Dilan mengangguk. "Mau ke mana, Mbak Mel?"
"Mau ke toilet sebentar."
Wanita berusia 25 tahun itu bergerak cepat menuju toilet karena merasa ada sesuatu yang akan keluar dari pencernaannya. Ia pun menepuk-nepuk dadanya agar mualnya bisa sedikit tertahan, menutup rapat-rapat mulut dengan telapak tangannya.
Karena merasa mualnya sudah naik sampai kerongkongan, ia bergegas memasuki toilet wanita. Dengan sedikit tersungkur di depan watercloset, semua penganan yang ia santap sebelumnya, habis cepat terkuras.

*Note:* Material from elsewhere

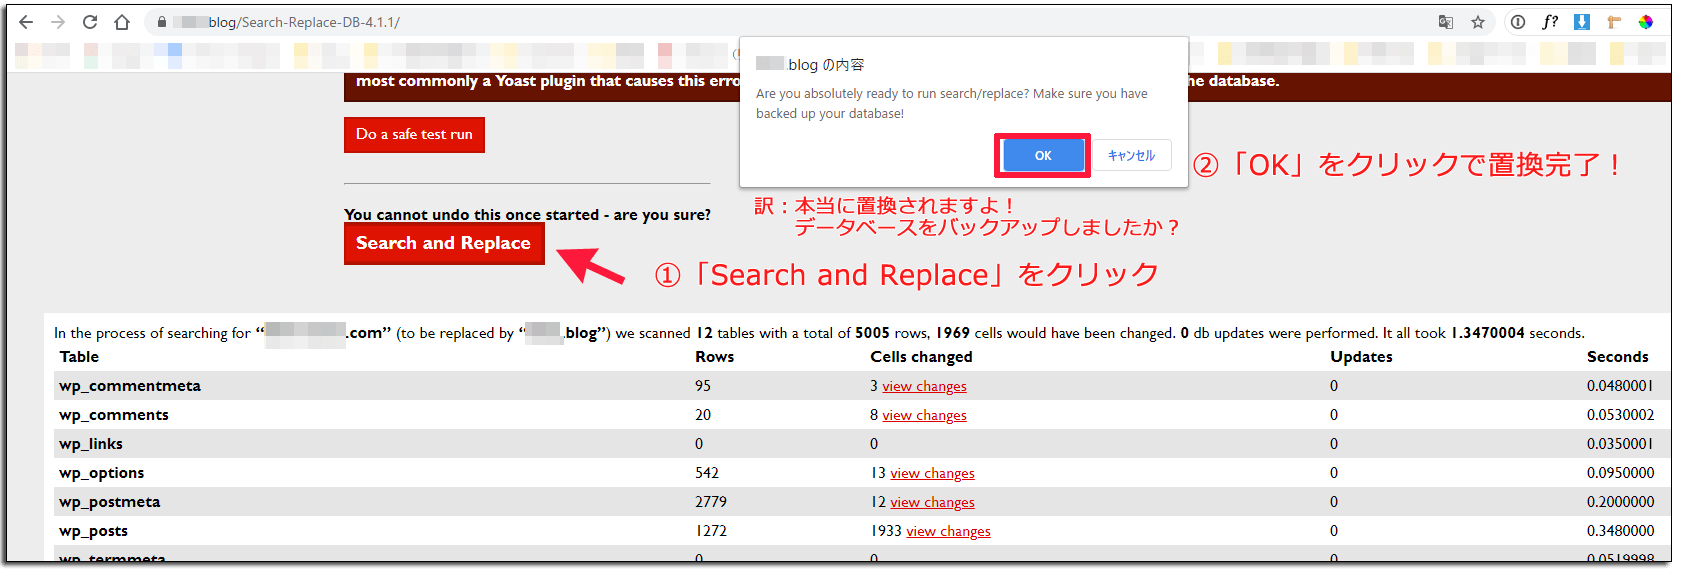 「Search and Replace」をクリックするとデータベースをバックアップしましたか？と注意喚起のダイアログが出る。

Tubuhnya gemetar dan kehabisan tenaga. Ia sejenak menyandarkan diri di dinding kamar mandi mall, mengatur napas perlahan-lahan demi mengumpulkan kembali energinya.

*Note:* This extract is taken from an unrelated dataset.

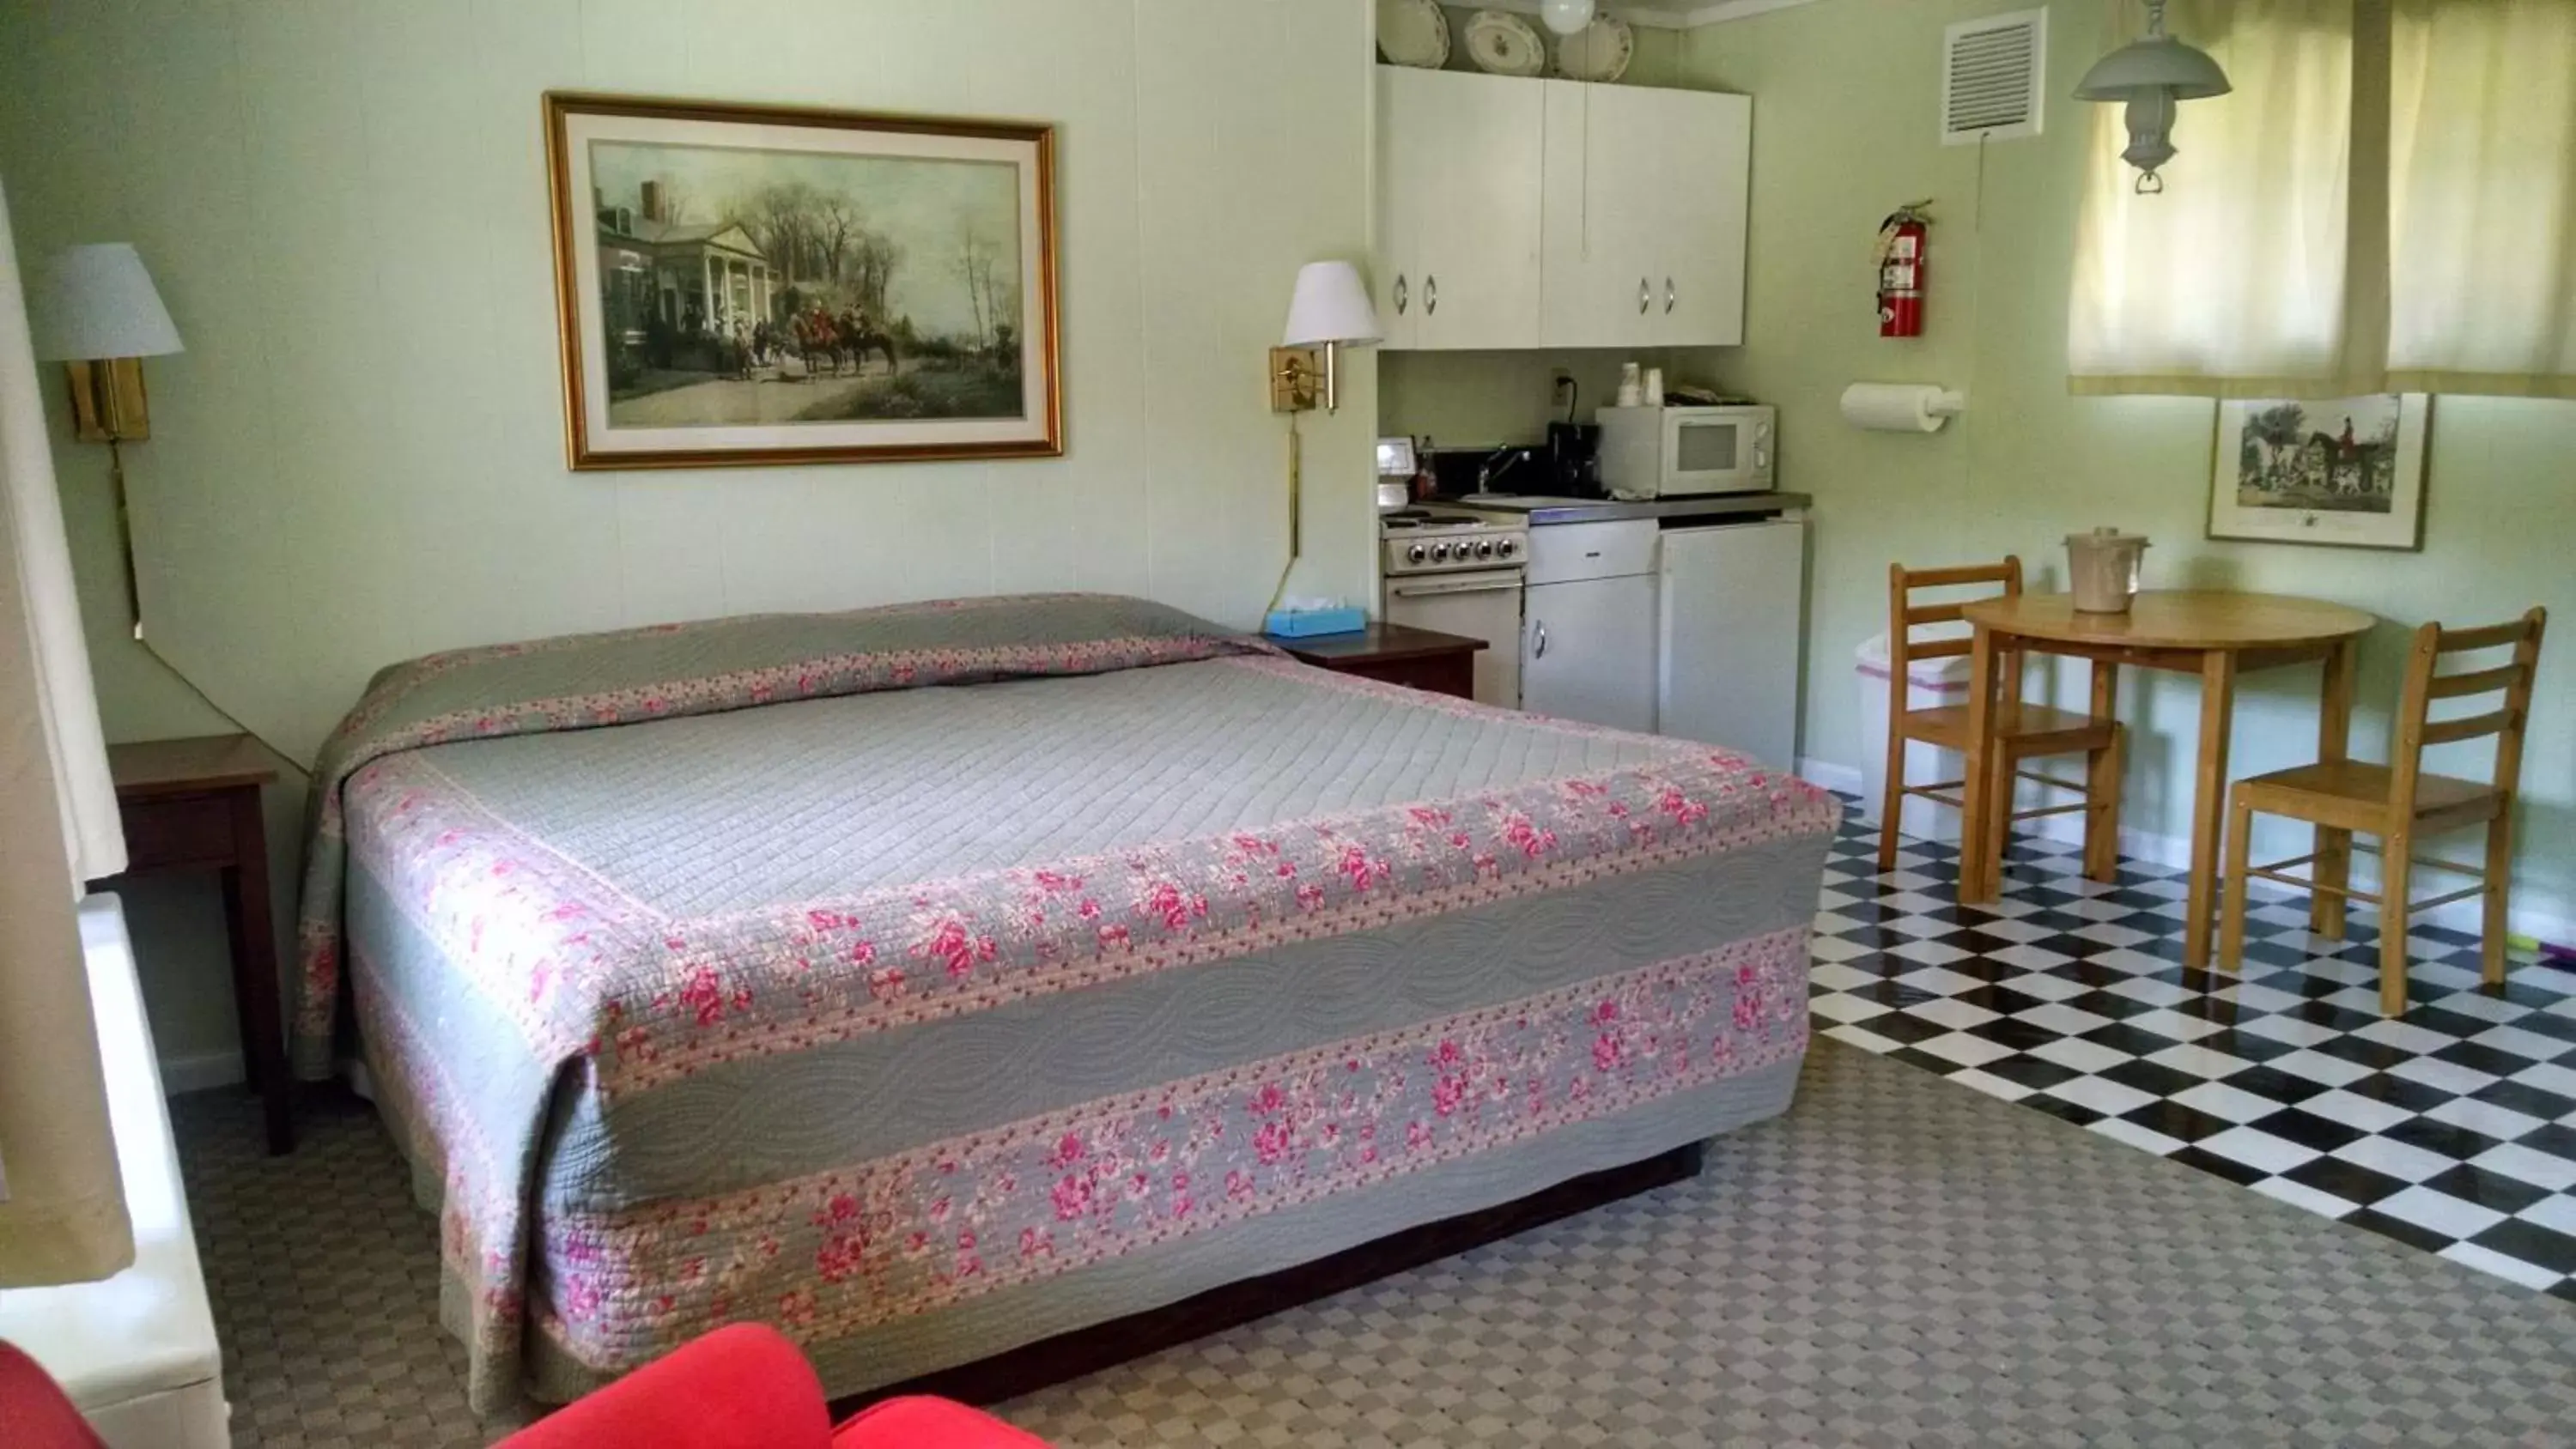 Bed, Room Photo in Roseloe Motel

Melly kembali melangkah dengan elok menuju tempat para waitress dan kasir berkumpul untuk menghampiri waitress yang tadi datang ke mejanya. Ia meminta total harga yang belum dibayar dan segera melunasi dengan kartu ATM-nya.
Setelah kembali ke mejanya, tak lama waitress membawa dua bungkus makanan yang sudah dipesan setelah keluar dari toilet.

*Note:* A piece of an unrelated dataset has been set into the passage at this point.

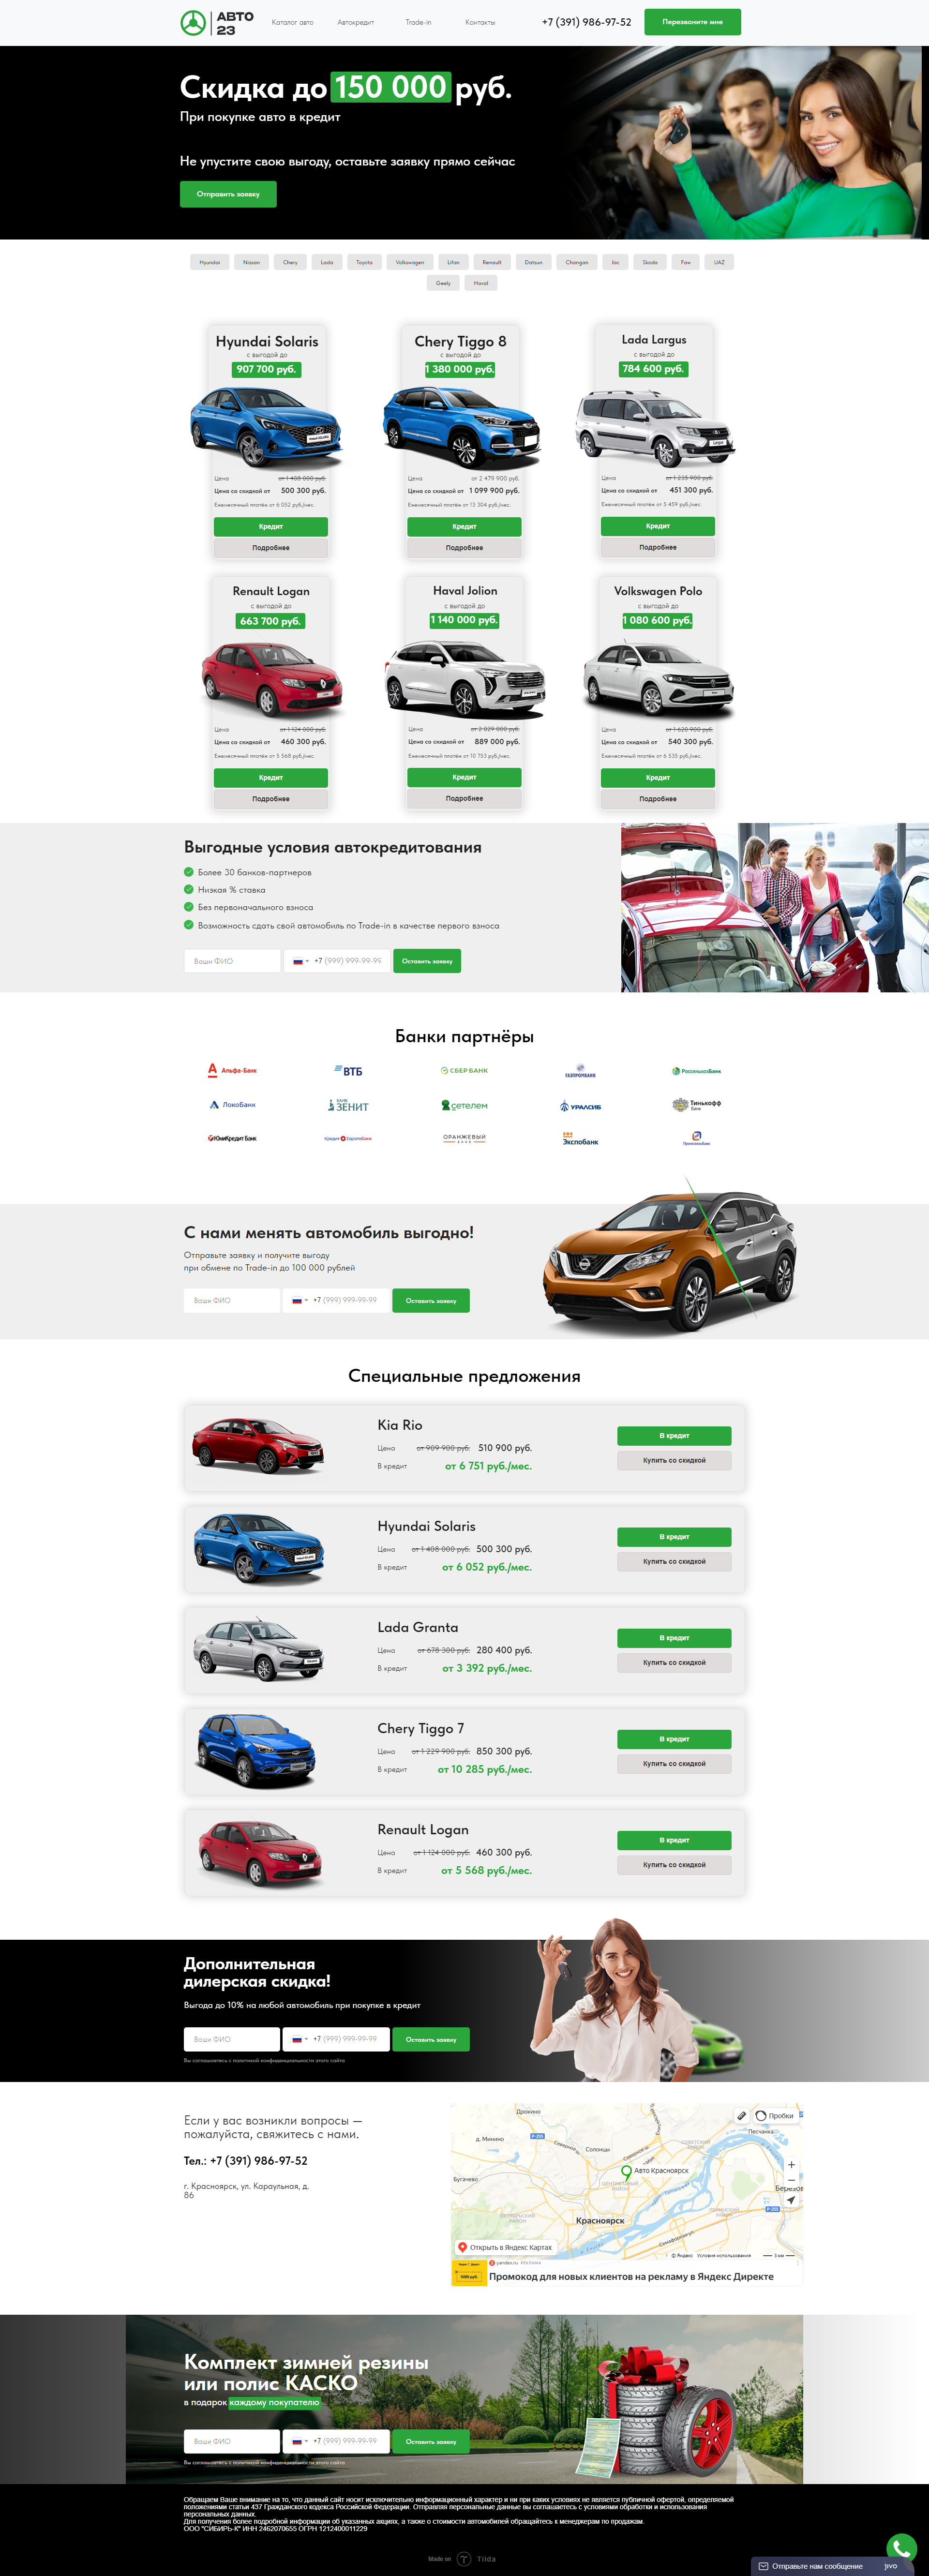 Пример avto-23.ru сайта из рекламной выдачи

"Ini punya siapa, Mbak?" tanya Lian penasaran karena ia dan maminya merasa tidak memesan untuk dibawa pulang.
"Punya Mbak ini," tunjuk waitress itu dengan perut tangan di atas sambil tersenyum.
"Yuuk, pulang, Lan," ajak Melly pada adik ipar satu-satunya.
"Tapi, Mbak, makanannya ...?""Udah, Lan, jangan khawatir," tegas Melly memotong ucapannya karena ia tahu Dilan khawatir kalau tagihannya belum dilunasi.
Lian dan maminya saling menatap heran dan mereka segera beranjak pulang.
"Mbak Mel, biar Dilan yang bawain," ujar Dilan sambil mengambil alih kantong belanjaan yang sangat banyak itu.
"Keenakan dia, Mi, kalo Dilan ikut. Ada bodyguard-nya."
Setelah berkeliling seharian menghabiskan waktu di mall, akhirnya mereka sampai di rumah Melly.
"Assalamu'alaikum. Yang, udah pulang? Tumben cepet?" tanyanya ketika melihat Alan yang sedang menatap layar televisi di ruang keluarga.
"Eeh, ada Papi juga. Kapan sampainya, Pi?" tanyanya pada ayah dari suaminya itu.
"Iya, tadi kerjaannya gak banyak, jadi aku pulang aja. Abis belanja, ya, sama keluarga aku? Mana belanjaan kamu?" Alan menjawab lebih dulu.
"Kapan kamu pernah ngasih uang untuk keperluanku, Mas?"
"Emang uang yang aku kasih gak cukup?"
"Mana cukup kalau yang makannya dua keluarga, udah gitu yang satu keluarga … porsinya dobel!"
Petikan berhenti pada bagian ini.